I rubbed my front teeth on my shirt. “Can we talk about you a while?”
“But you were just starting to get interesting.”
“I’m afraid the interesting part is over.”
“And your friend, Zaul?”
There was more to her question. “What about him?”
“What kind of kid is he?”
“He’s had a cell phone and a credit card since he could crawl. His parents have, admittedly, enabled him so he knows next to nothing about responsibility. He’s also grown up around the überwealthy and social elite so he has a skewed view of reality.”

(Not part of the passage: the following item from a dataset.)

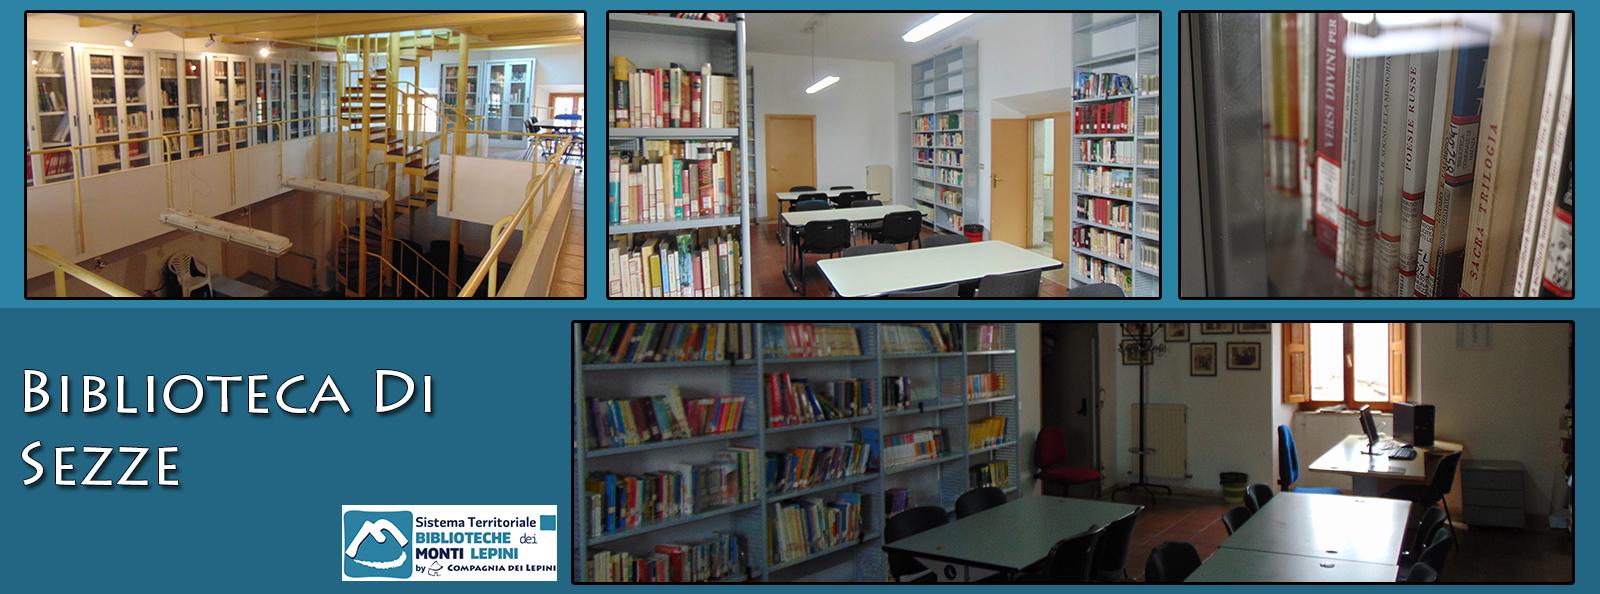 Sezze -Lt - Biblioteca Comunale

“Sounds like a bad recipe.”
I pointed at San Cristóbal smoking in the distance. “Yep.”
“Why’d he come here?”
“I’m not sure, other than they own a home in Costa Rica and he knows the surf.”
“Why’d they send you? Why not his dad?”
“You sure do ask a lot of questions.”
She smiled. Beautiful white teeth that filtered laughter with nothing to hold it down. The tension here was to satisfy her without giving up too much or getting too close to the truth. “When he left, his sister, Maria, was in the hospital. He feels responsible for her being there. He thinks his parents feel that way, too.”
“Is he?”
“Ultimately, no. But that’s why I’m here, because his father wouldn’t be able to convince him of that.”
“Can you?”
A shrug. “Don’t know, but my chances are better than Colin’s. If anyone has Zaul’s ear, it’s me, but that’s a big if.”
“One more question?”
“Sure. You seem to be on a roll.”
I had a feeling she’d been baiting me, asking me a bunch of questions until she got to the one that mattered—the one she’d been wanting to ask me for a few days. Her eyes told me this was it. “When you find him, how do you know he’s going to let you take him home?”
It was a good question and I’d been asking it myself. “I don’t.”
Her eyes didn’t change. “And yet you’re here anyway.”
It was a question posed as a statement. “Yes.”
“What motivates a man to do something when he knows he’s got almost zero chance of succeeding?”
I answered, hoping she accepted it. “I love the kid.” She did not.
“I bet his dad does, too.” She paused. Considering me. “If I knew you better, I’d say there was something you’re not telling me.”
She was a good reader of people, and she was reading me like a book. There was a tenderness to her that drew me. More than that, I liked being known, and for the first time in my life, I was known by another. I’m not saying I liked what she knew about me, not proud of the bits and pieces, but somehow she was standing inside my skin and yet I didn’t experience shame at her reflection. I feigned. “Have to try.”
I don’t know if I satisfied her or gave rise to more questions, but for the rest of the ride back, she eyed me, studying my face and saying nothing more.
Chapter Twenty-One
We returned to the casa in time to pick up Isabella from school. Paulo and I quickly loaded up and returned to the well, where he patted me on the back and once again dropped me in the hole with a smile that spoke volumes. Before I kicked my feet loose, suspending myself over the hole, a crowd had gathered. Kids. Old folks. And it’d grown. Paulo said, “Word spread. Gringo digging Alejandro’s well.”